Myth: Nobody reads all that content.
Truth:
Optimized content is how your target audience finds you when searching for solutions to their problems. Site visitors will quickly scan through your content to determine relevance and if they should spend their time reading more. That’s why headlines, subheads and bullets play such an important role in online content.

Myth: Our customers are only interested in product specs and datasheets.
Truth:
One-size fits all content is the biggest myth out there. Industrial buying decisions are usually made by a committee of different stakeholders and rarely by an individual. Each stakeholder will have his/her own pain points.
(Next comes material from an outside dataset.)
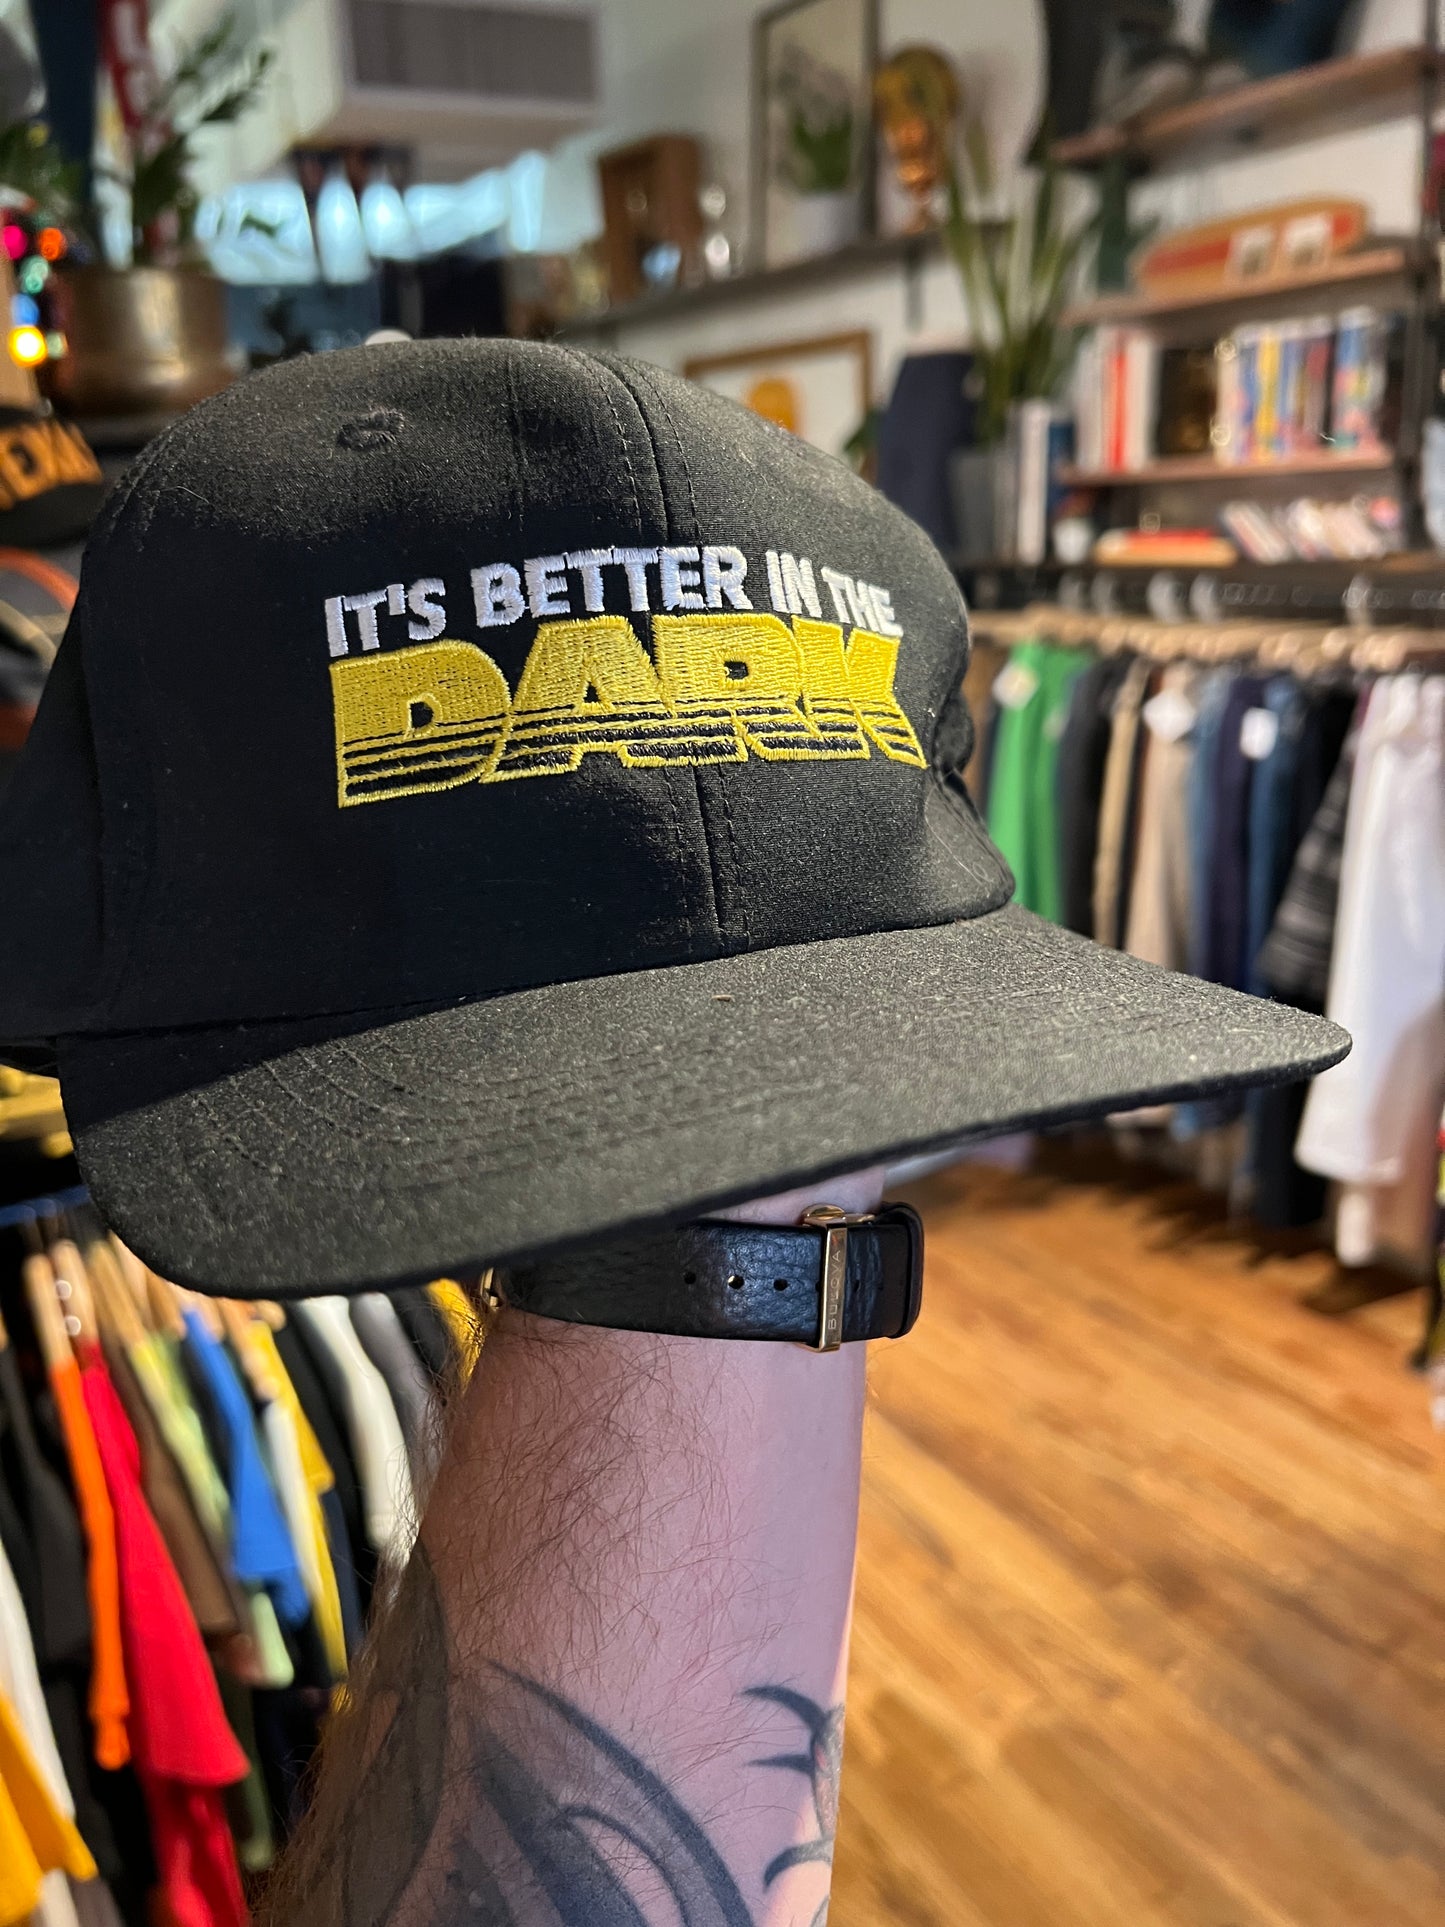 Meyers run “it’s better in the dark” SnapBack hat

Your digital content must address these issues, offer content in various formats and optimized for smartphones and tablets.

Myth: We want our site visitors to call our sales team for more information.
Truth:
Don’t wait for the phone to ring, that call may never come. Industrial buyers are in charge these days, not you. They will do their research online and create their shortlist of vendors long before they will engage with your salesperson. You may never get that call if you don’t get on their radar screen in the early stages of the buying cycle.
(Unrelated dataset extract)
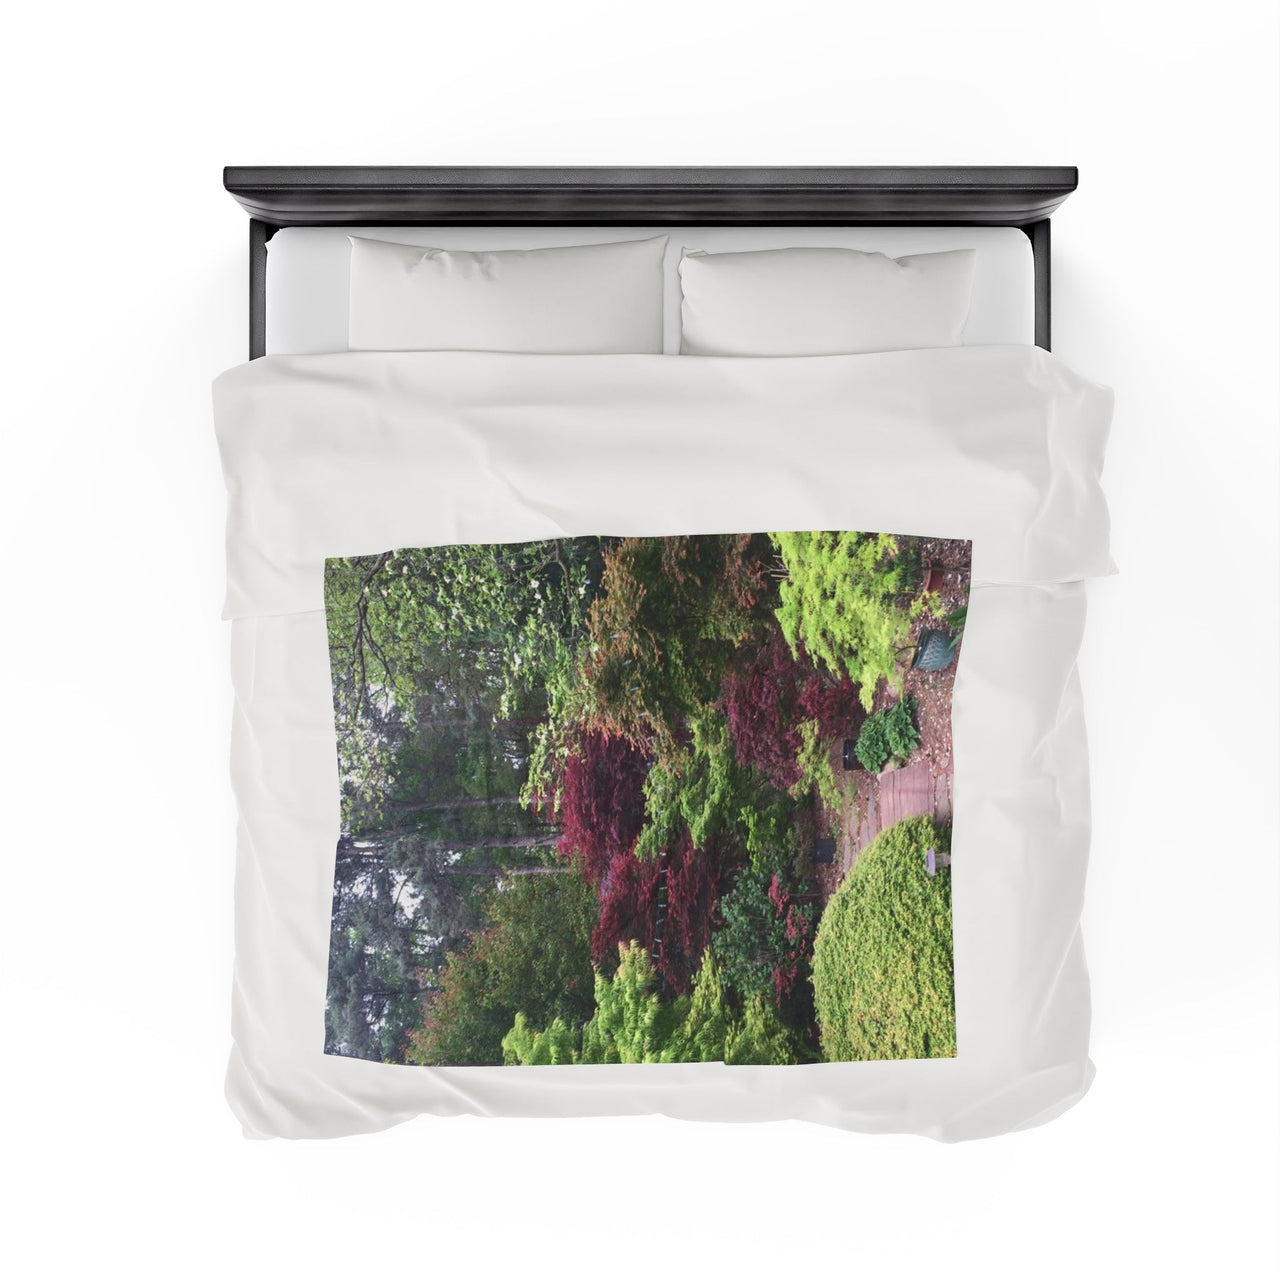 Japanese Garden Plush Blanket - Maple Ridge Nursery

Okay, now that you have a good idea of what digital content is and what it is not, how do you figure out what you need?

My advice – put yourself in your customers’ shoes. Easy, right? Not exactly.

In order to write for the customer, you must know them well. Just defining your target audience by North American Industry Classification System (NAICS) or Standard Industrial Classification (SIC) codes and job functions are not enough. You need to gain a deeper insight into their needs, their roles in the buying process and their online behaviors. Learn to interpret the data from your site analytics and develop customer personas.

Now start writing with each buyer persona in mind. For every claim you make in your digital content, ask yourself, “So what, what does it do for me?” Be brutally honest here if you want to truly address your customers’ “what’s in it for me” (WIIFM) concerns. Industrial buyers are skeptical about vendor claims. Validate your claims with data from third-party research studies. Social proof from peers can play an important role here.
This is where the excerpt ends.